Background: The COVID-19 pandemic, caused by the novel severe acute respiratory syndrome coronavirus 2 (SARS-CoV-2), has profoundly affected global health systems. Healthcare systems across the globe have been pushed to their limits, with intensive care units (ICUs) witnessing a sharp rise in admissions, putting a strain on resources and personnel.

Objectives: Examine ICU health outcomes, including mortality, length of stay (LOS), and discharge rates, among COVID-19 and non-COVID-19 patients.

Design: Retrospective, cross-sectional study.

Setting: A national cross-sectional dataset provided by the Ministry of Health in Saudi Arabia.

Patients and methods: All patients admitted to ICUs across Saudi Arabia between January 1, 2022, and December 31, 2022. Patients were classified as confirmed COVID-19 cases and non-COVID-19 cases. To evaluate the ICU outcomes, the study used multivariate regression models, adjusting for covariates including age, gender, region, citizenship, and comorbidity score.

Main outcome measures: ICU outcomes including mortality, LOS and discharge rate.

Sample size: 114 854 ICU patients.

Results: The study population consisted of 114 854 ICU patients across various demographic and clinical categories. Mortality was found to be higher in COVID-19 patients than non-COVID-19 patients, with COVID-19 patients showing a 7% increase in mortality (OR=1.07, 95% CI: 1.02-1.12). Also, COVID-19 patients had 78% higher odds of being discharged home than the non-COVID-19 group (OR=1.78, 95% CI: 1.71-1.84). Moreover, the average LOS in the ICU was significantly shorter for COVID-19 patients than non-COVID-19 patients by 6% on average (Coefficient=-0.06, 95% CI: -0.07 to -0.03).

Conclusion: Significant differences were seen in ICU outcomes between patients with and without COVID-19, including mortality rates, discharge rates, and LOS. COVID-19 patients exhibited higher mortality rate and discharge rate, and shorter ICU LOS than those without COVID-19.

Limitations: The data used in this study has missing critical information such as laboratory results, socioeconomic variables, and hospitalization characteristics.

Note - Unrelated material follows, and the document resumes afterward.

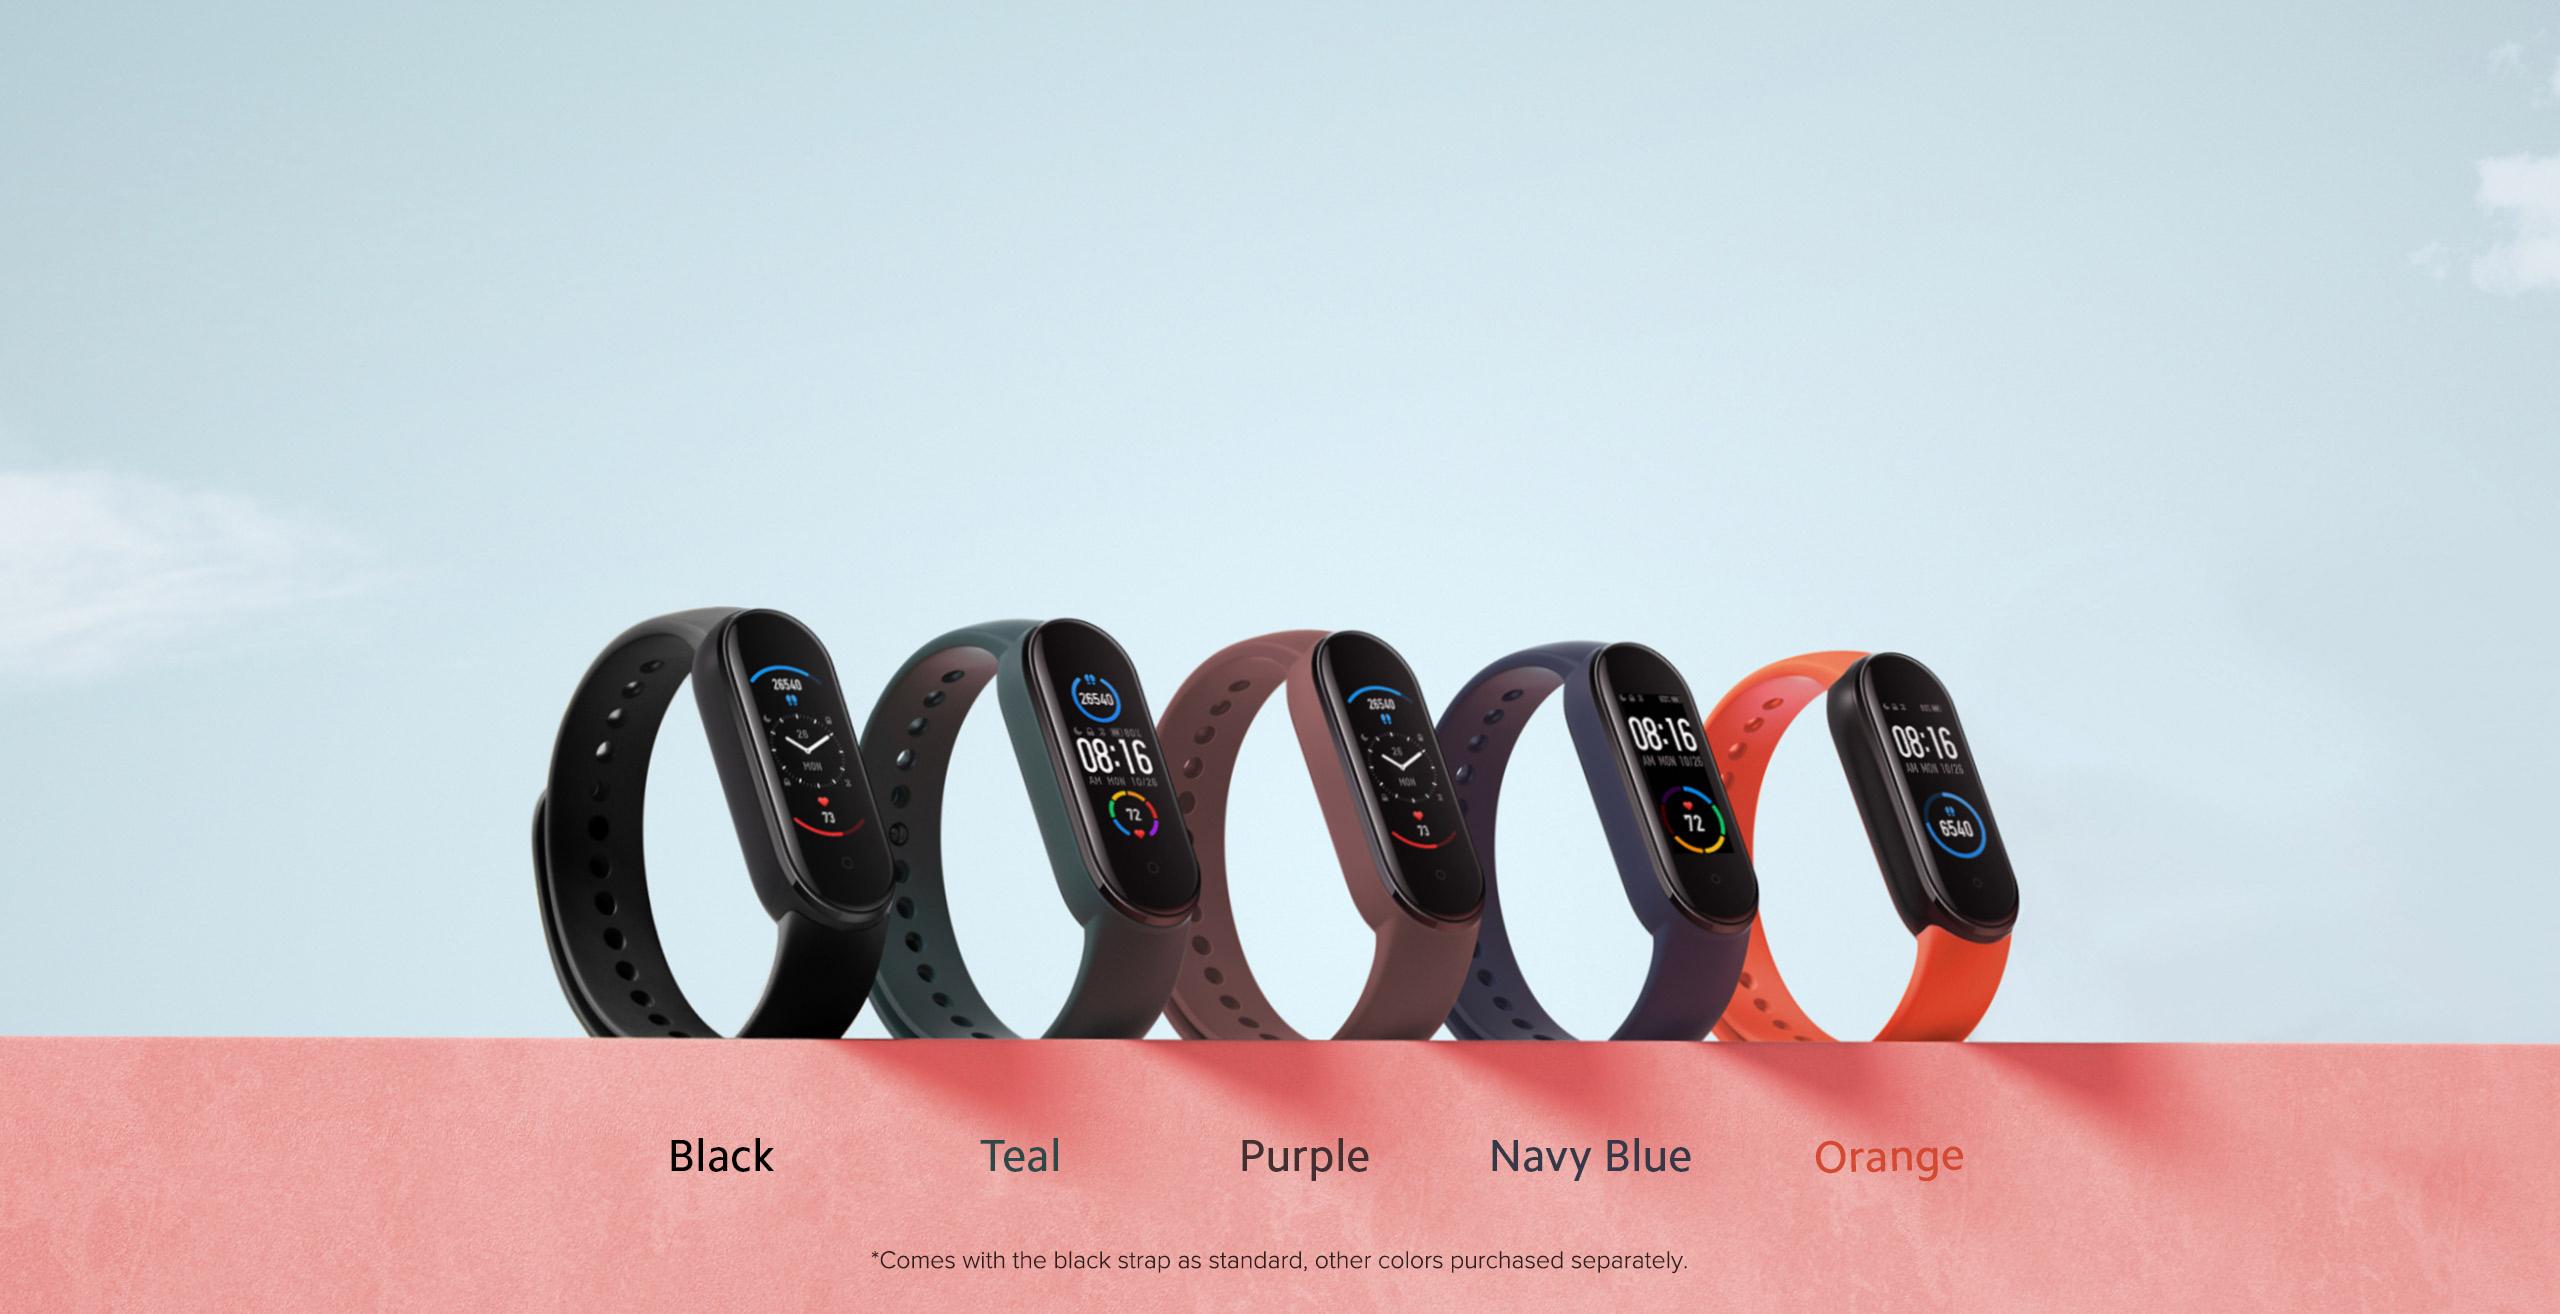 Mi Smart Band 5 price

基于COVID-19状况的重症监护病房患者结局:沙特114854例病例分析
背景:由新型严重急性呼吸综合征冠状病毒2 (SARS-CoV-2)引起的COVID-19大流行已经深刻影响了全球卫生系统。全球的医疗保健系统已经被推向了极限,重症监护病房(icu)的入院人数急剧上升,给资源和人员带来了压力。目的:检查COVID-19和非COVID-19患者的ICU健康结局,包括死亡率、住院时间(LOS)和出院率。设计:回顾性、横断面研究。背景:沙特阿拉伯卫生部提供的全国横断面数据集。患者和方法:2022年1月1日至2022年12月31日期间沙特阿拉伯icu收治的所有患者。将患者分为确诊病例和非确诊病例。为了评估ICU的结果,研究使用了多变量回归模型,调整了协变量,包括年龄、性别、地区、国籍和合并症评分。主要结局指标:ICU结局包括死亡率、LOS和出院率。样本量:114854例ICU患者。结果:研究人群包括不同人口统计学和临床类别的114854名ICU患者。发现COVID-19患者的死亡率高于非COVID-19患者,COVID-19患者的死亡率增加7% (OR=1.07, 95% CI: 1.02-1.12)。此外,COVID-19患者出院的几率比非COVID-19组高78% (OR=1.78, 95% CI: 1.71-1.84)。此外,COVID-19患者在ICU的平均生存时间比非COVID-19患者平均短6%(系数=-0.06,95% CI: -0.07 ~ -0.03)。结论:合并和未合并COVID-19患者在ICU预后方面存在显著差异,包括死亡率、出院率和LOS。COVID-19患者的死亡率和出院率高于非COVID-19患者,ICU LOS较短。局限性:本研究中使用的数据缺少关键信息,如实验室结果、社会经济变量和住院特征。
本文章由计算机程序翻译,如有差异,请以英文原文为准。